Community Corner

Portland State's New Vanport Building Also A Memorial

The building will house educational facilities and honor residents of Vanport, once the nation's largest wartime housing development.

The Vanport Building serves as a new home for PSU's College of Education, the OHSU-PSU School of Public Health, Portland Community College's dental hygiene and dental assisting programs and the City of Portland's Bureau of Planning and Sustainability.
The Vanport Building serves as a new home for PSU's College of Education, the OHSU-PSU School of Public Health, Portland Community College's dental hygiene and dental assisting programs and the City of Portland's Bureau of Planning and Sustainability. (Courtesy of Portland State University )

PORTLAND, OR —Portland State University held an official —and virtual — opening for the new Vanport Building on Tuesday.
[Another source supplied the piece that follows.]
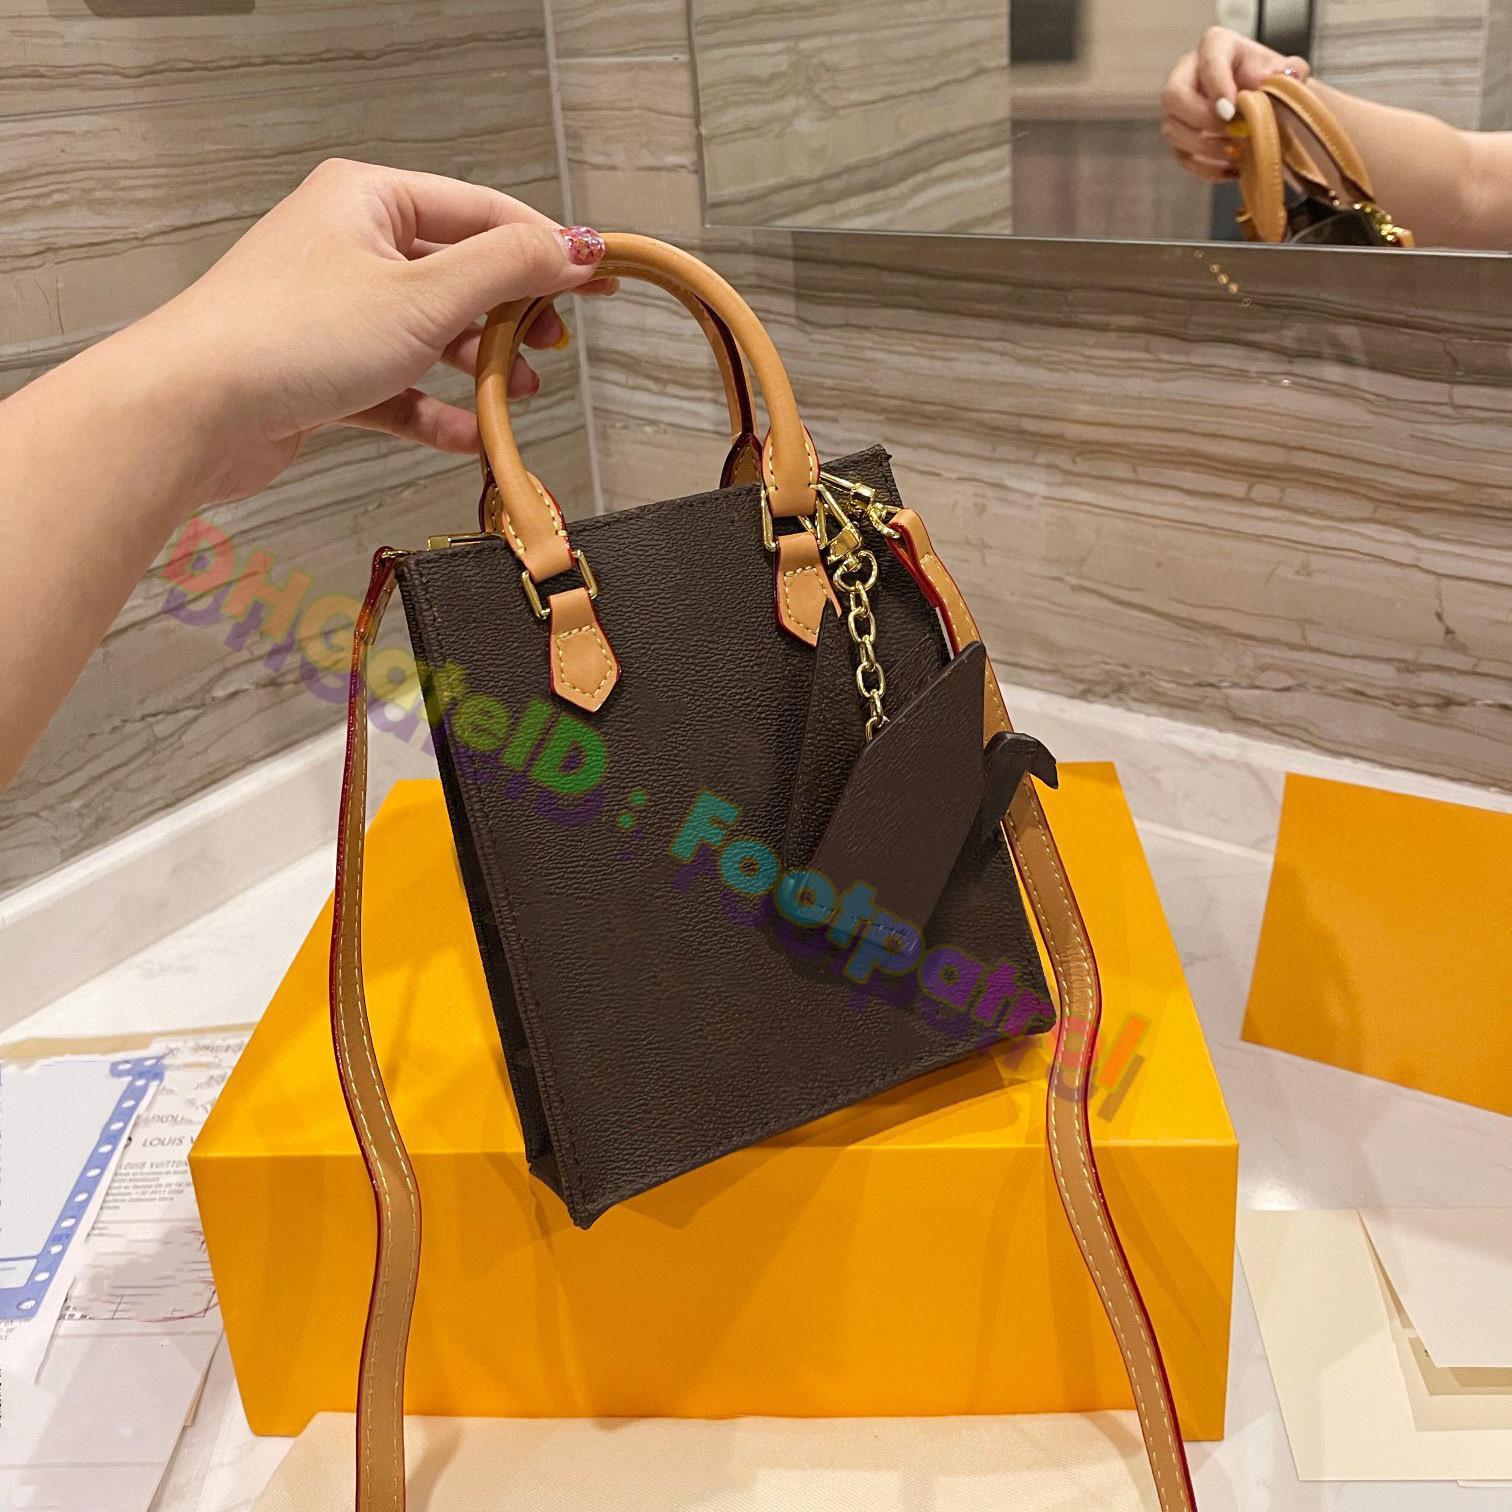 النساء الكلاسيكية خمر أكياس التسوق حقائب الكتف حقائب فصريون مصممين حقيبة 2021 الأزياء الصليب الجسم حقيبة يد السيدات أعلى جودة حقيقية جلد محفظة محفظة

The building, located at 1810 SW 5th Ave., serves as a new home for PSU's College of Education, the OHSU-PSU School of Public Health, Portland Community College's dental hygiene and dental assisting programs and the City of Portland's Bureau of Planning and Sustainability.

The building is named for Vanport, which from 1942 to 1948 was the nation's largest wartime housing development. Located right outside of Portland, Vanport provided a home for many people who worked in the shipyards, including thousands of Black Oregonians.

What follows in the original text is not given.